RAMAZAN - 23 Haziran 2015 Salı 12:26

Sahursuz oruç tutulur mu?

A
A
A
Sahursuz oruç tutulur mu?

Uzmanlara göre sahur, atlanmaması gereken bir öğün. Çünkü uzun süren açlık ve susuzluk hem sindirim sistemi hastalıklarına davetiye çıkarıyor hem de mide hastalığı olanların ve kabızlık problemi yaşayanların şikayetlerini daha da artırıyor.

Ramazan ayında en sık rastlanan problem mide hastalıkları. “Ramazanı sağlıklı geçirmek istiyorsanız muhakkak sahura kalkın” uyarısında bulunan İstanbul Esenyurt Üniversitesi Sağlık Hizmetleri Meslek Yüksek Okulu Müdürü Genel Cerrahi Uzmanı Yrd. Doç. Dr. Mehmet Emin Güneş, “Ramazan toplumumuz için son derece önemli. Çünkü hem beden hem de ruh temizliğinin ön planda olduğu bir ay. Tabii Ramazan ayıyla beraber beslenme alışkanlıklarımız da değişiyor. Genelde üç olan öğün sayısı ikiye düşebiliyor. Hatta en büyük yanlışlardan biri de genelde çalışan insanlarda öğün sayısının teke düşmesi olarak görülüyor. İftardan bir sonraki iftara kadar uzun süren açlık meydana geliyor. Buna bağlı olarak da tabii ki beslenme alışkanlıklarımız değişiyor. Ramazanda beslenmeye çok dikkat etmek gerekir. Çünkü uzun süren açlık ve susuzluk hem sindirim sistemi hastalıklarına davetiye çıkarıyor hem de mide hastalığı olanların ve kabızlık problemi yaşayanların şikayetlerini daha da artırıyor” dedi.

İftarda tüketilmesi gereken besinlere de değinen Yrd. Doç. Dr. Mehmet Emin Güneş, “İftarda muhakkak bir çorba ile başlamak, arkasından hafif bir kahvaltı ve sonrasında sebze yemeği yemek gerekir. Ağır ve yağlı gıdalardan, şerbetli tatlılardan kesinlikle kaçınmak gerekir” ifadelerini kullandı.

En sık duyduğu şikayetlerden birinin “Ramazan ayında kilo kaybetmem gerekirken daha çok kilo alıyorum” şeklinde olduğunu dile getiren Yrd. Doç. Dr. Güneş, bunun sebebinin Ramazan ayında bolca tüketilen pide olduğunu belirtti. “Pide tüketimine özellikle dikkat edilmesi gerekiyor” diyen Yrd. Doç. Dr.

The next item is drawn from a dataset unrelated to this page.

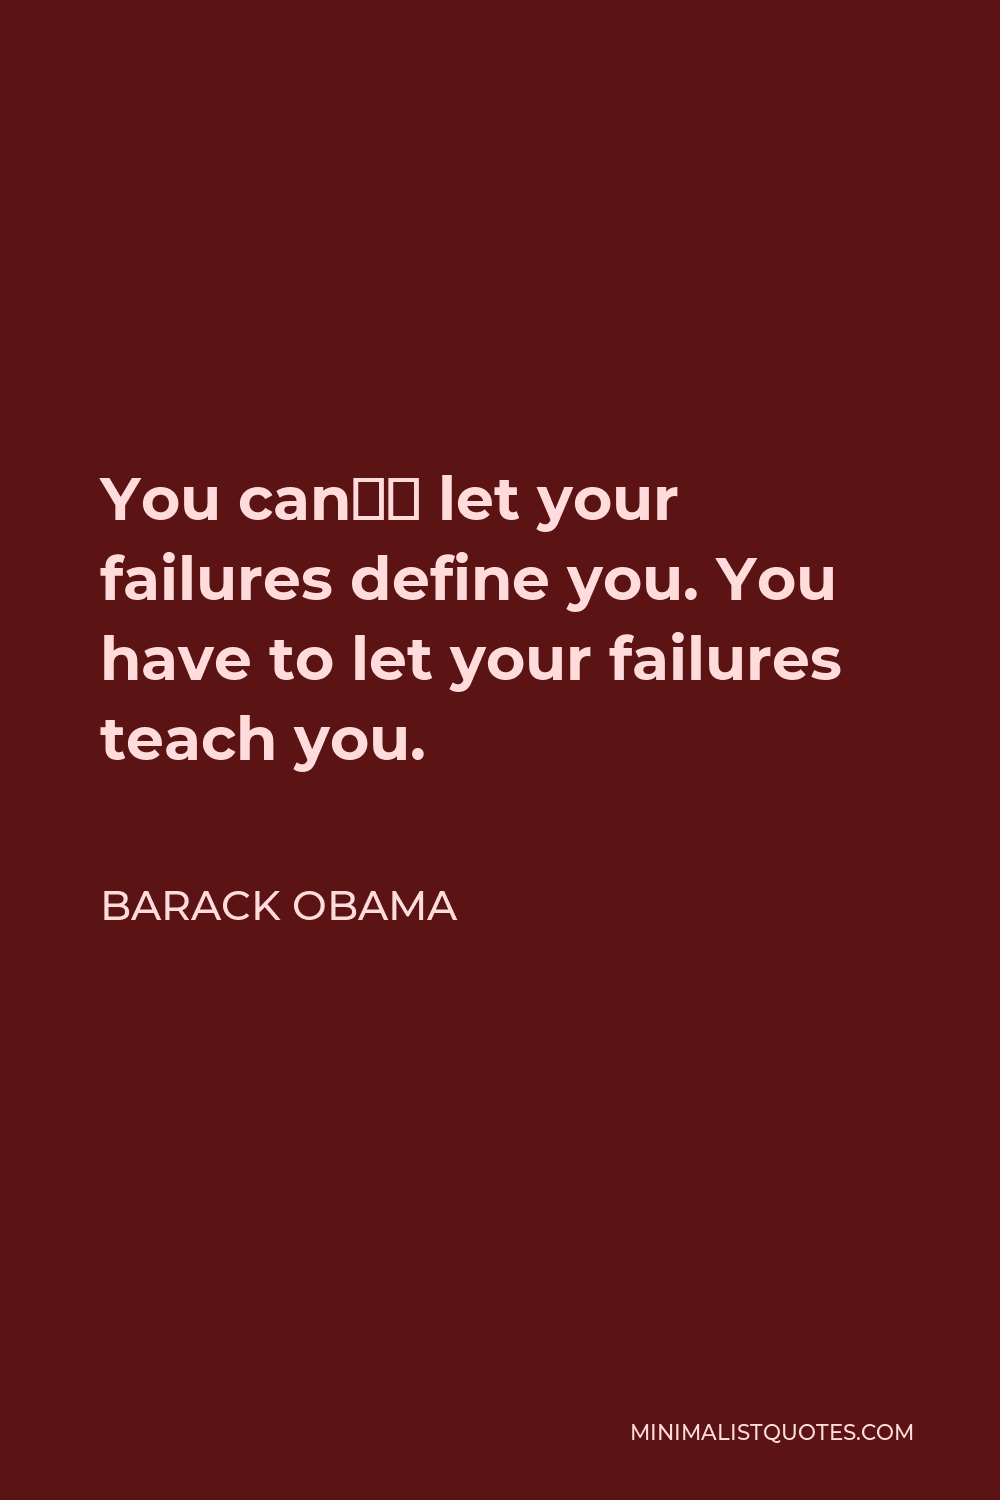 Barack Obama Quote - You can’t let your failures define you. You have to let your failures teach you.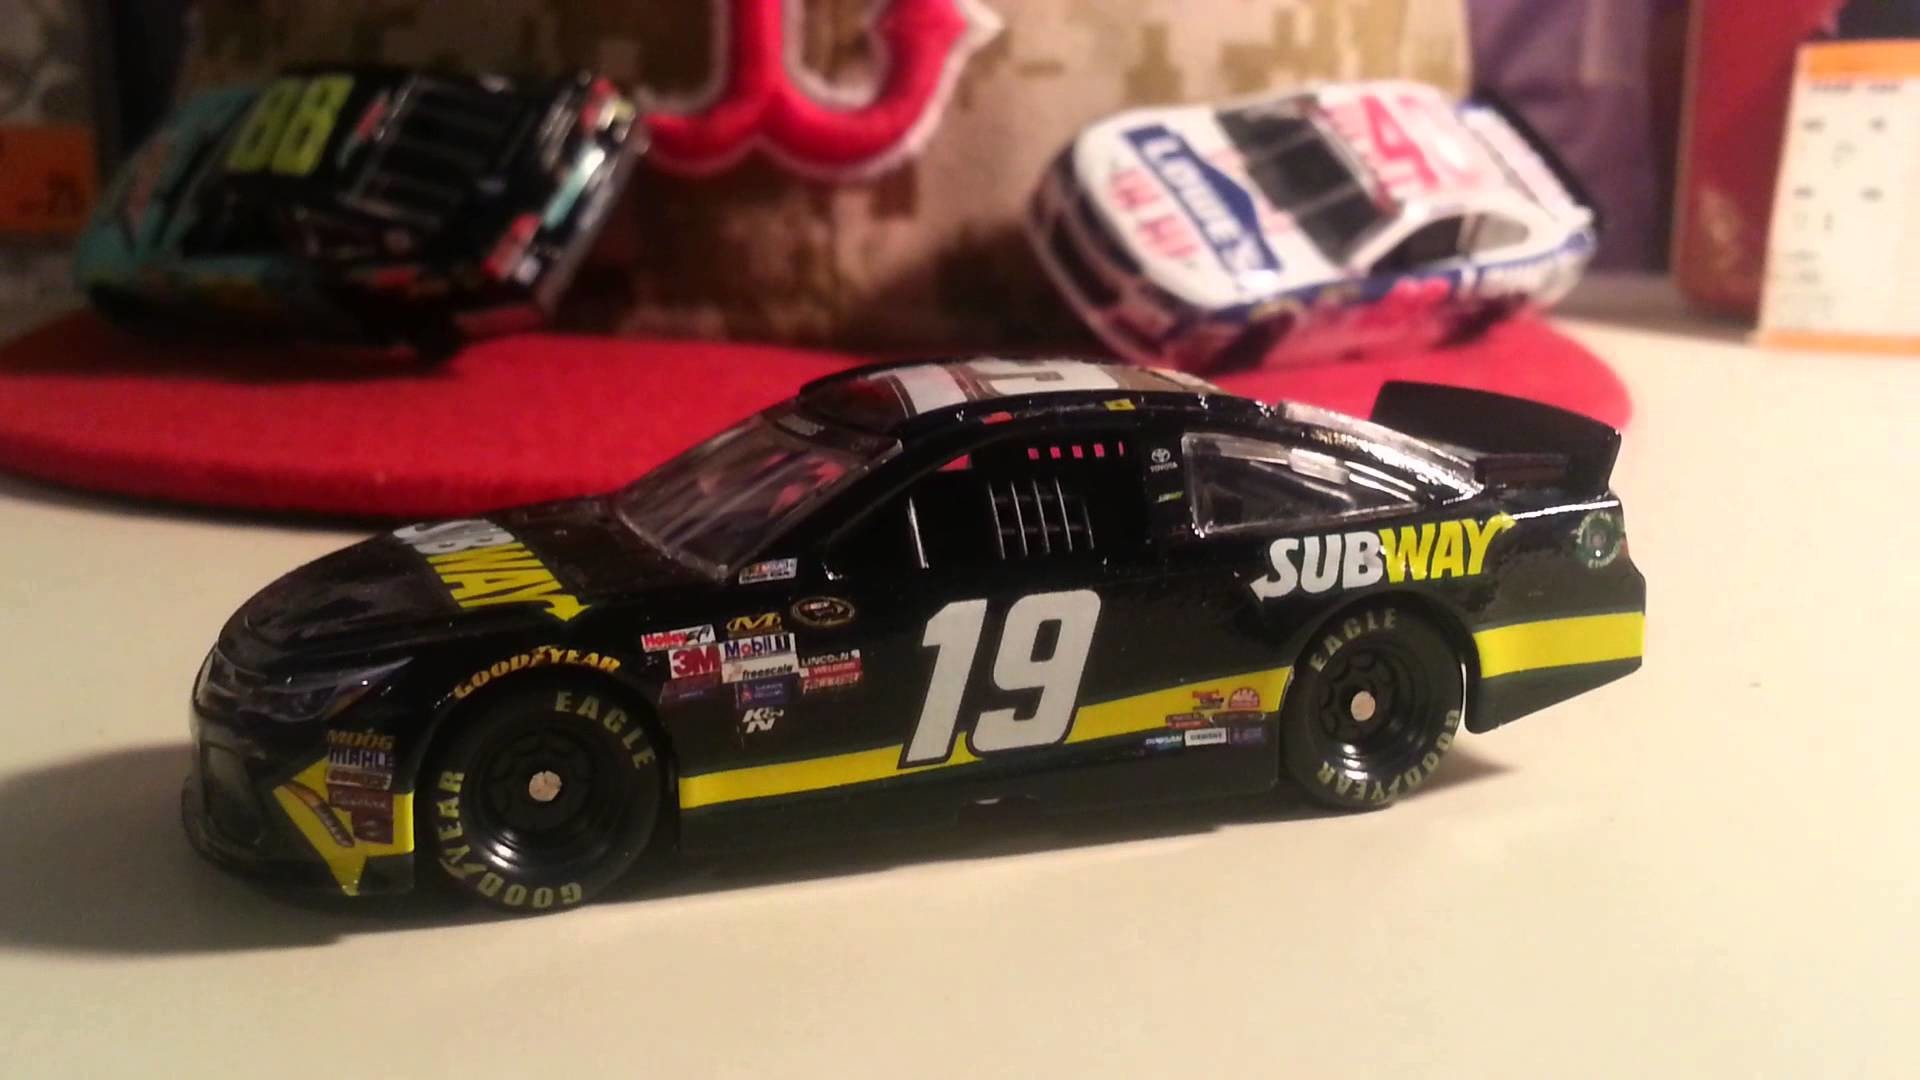 1920x1080 Diecast Review: Carl Edwards 2015 Subway 1/64

Güneş, “Bizim Ramazan sofralarımız geleneksel olarak bol ve çeşitli sofralar olduğu için özellikle uzun süreli açlıkta, hızlı yemek yemek ve hızlı tüketilen gıdalar kan şekerinin birden yükselip daha sonra aniden düşmesine sebep oluyor. Bu da gerçekten bir takım metabolik hastalıkların ön plana çıkmasına yol açıyor. Bu nedenlerle özellikle glisemik indeksi yüksek olan pirinçten kaçılmasını onun yerine bulgurun tercih edilmesini, yine glisemik indeksi yüksek olan beyaz ekmekten kaçınılması ve onun yerine kepekli - tahıllı ekmeklerin tercih edilmesini öneriyoruz” diye konuştu.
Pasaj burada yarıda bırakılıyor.